◆ Exercise materials:
Segment Open
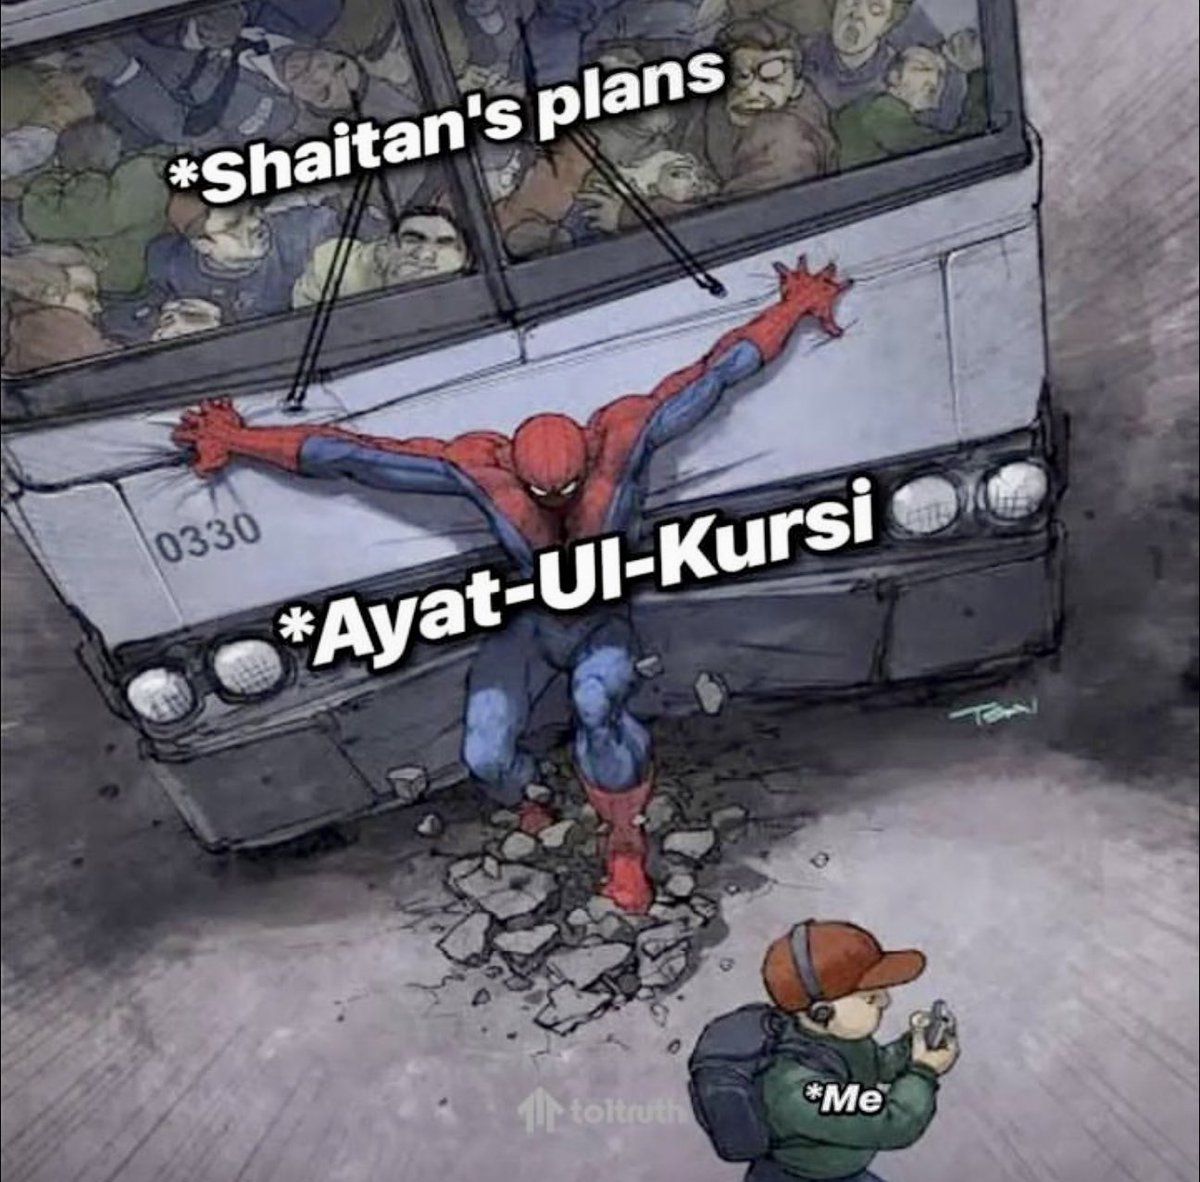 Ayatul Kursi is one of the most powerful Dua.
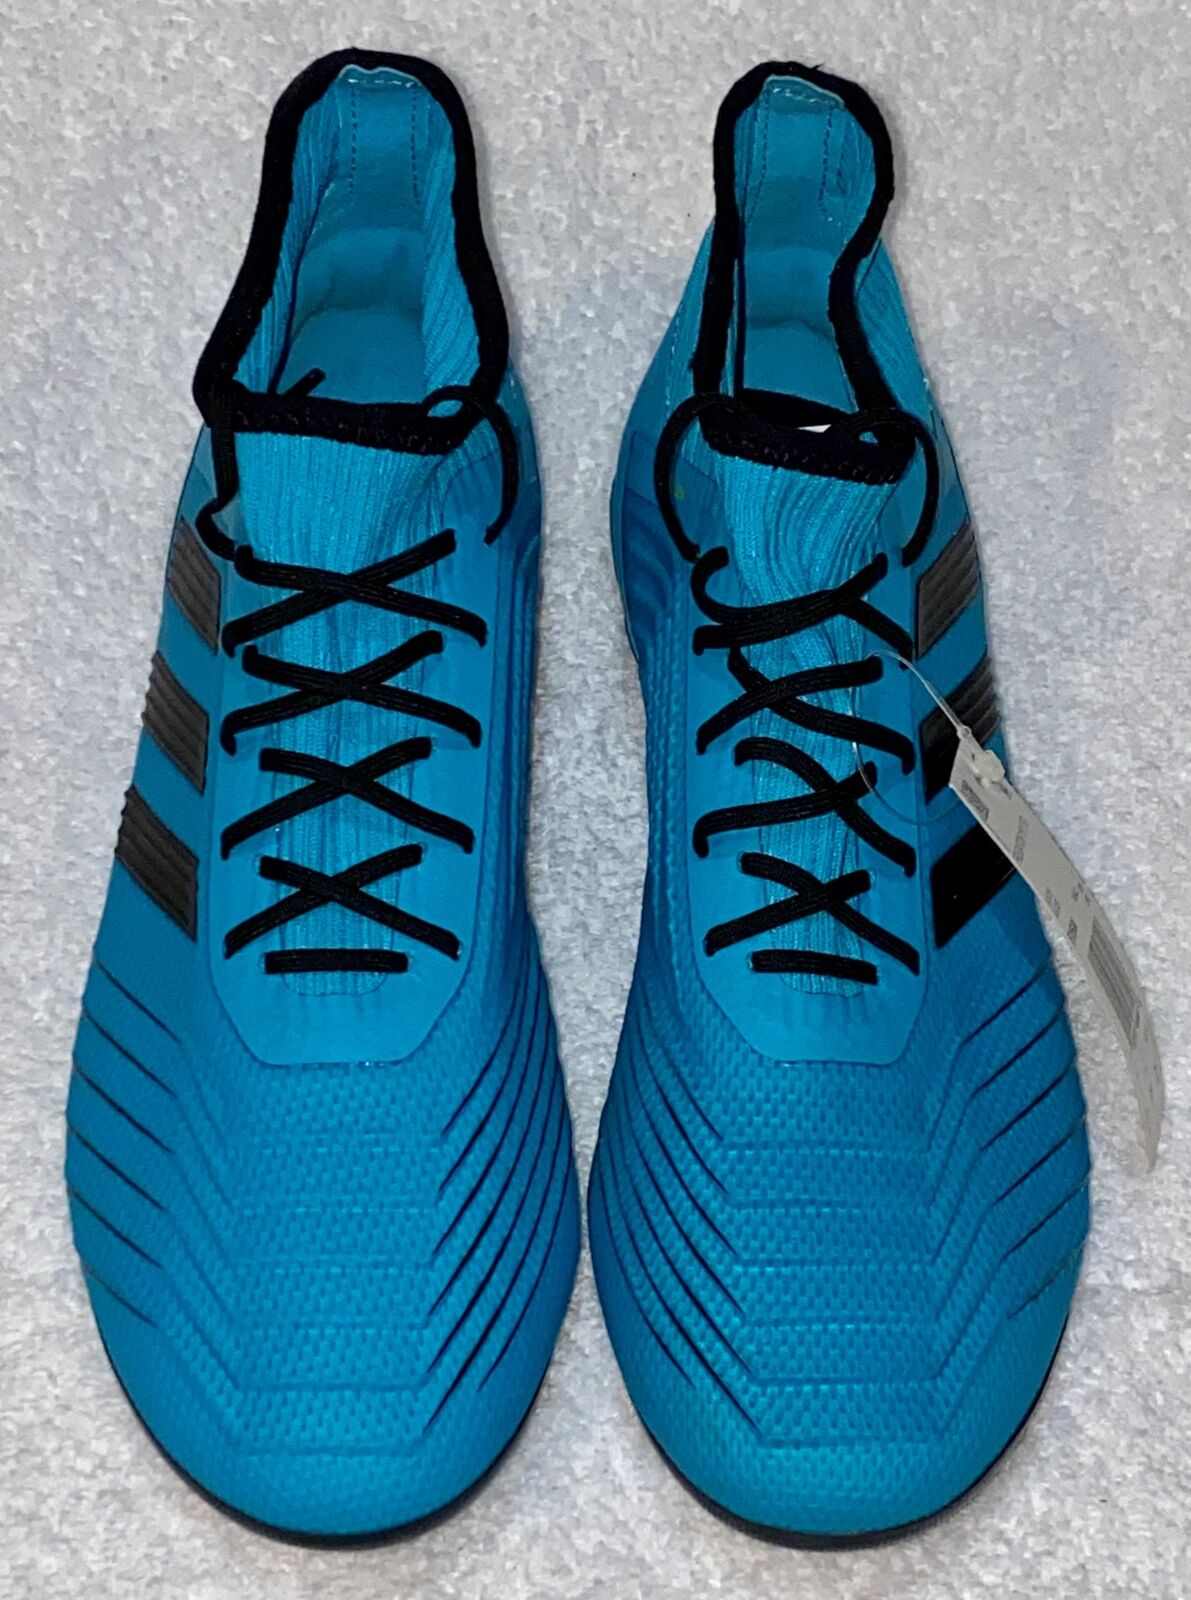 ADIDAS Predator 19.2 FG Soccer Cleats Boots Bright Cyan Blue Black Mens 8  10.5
Segment Closed
Segment Open
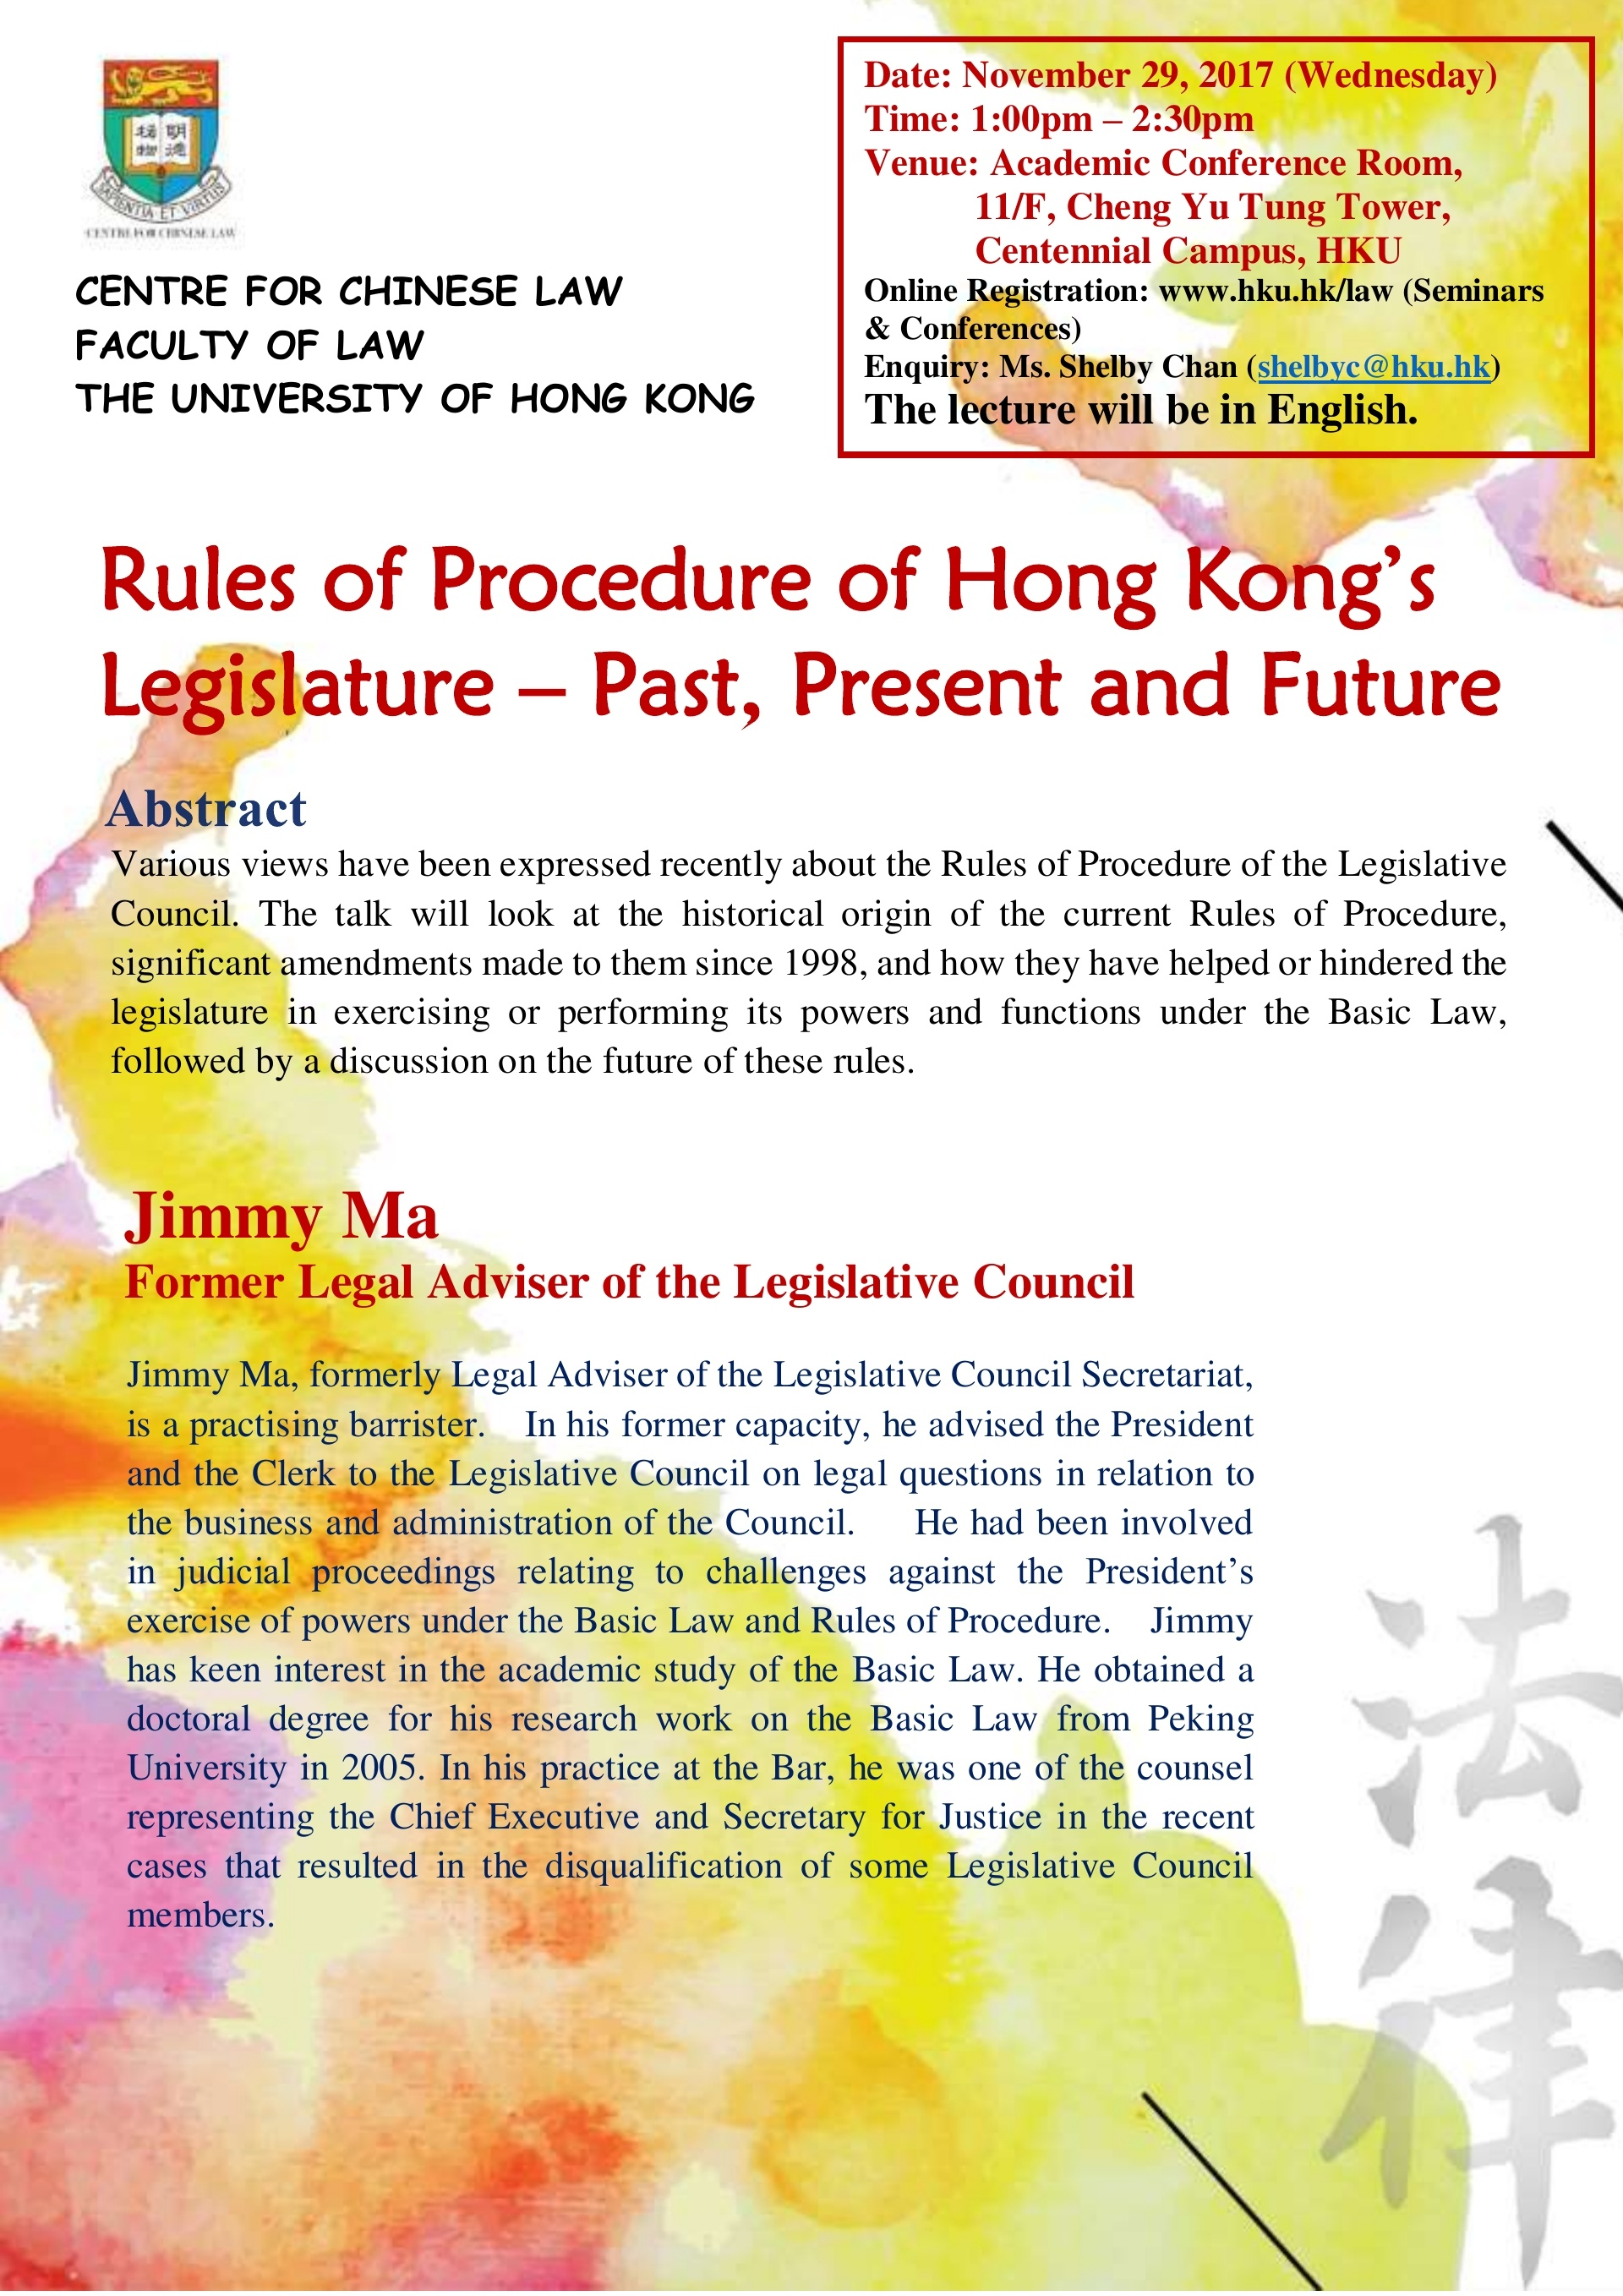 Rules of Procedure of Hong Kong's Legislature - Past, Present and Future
Segment Closed
◆ Work to complete: Transcribe only this stretch of the data: the line with "Ayatul Kursi is", the line with "ADIDAS Predator 19.2", and every line in between. Leave out the pictures.

◆ Answer section:
 Ayatul Kursi is one of the most powerful Dua.
 ADIDAS Predator 19.2 FG Soccer Cleats Boots Bright Cyan Blue Black Mens 8  10.5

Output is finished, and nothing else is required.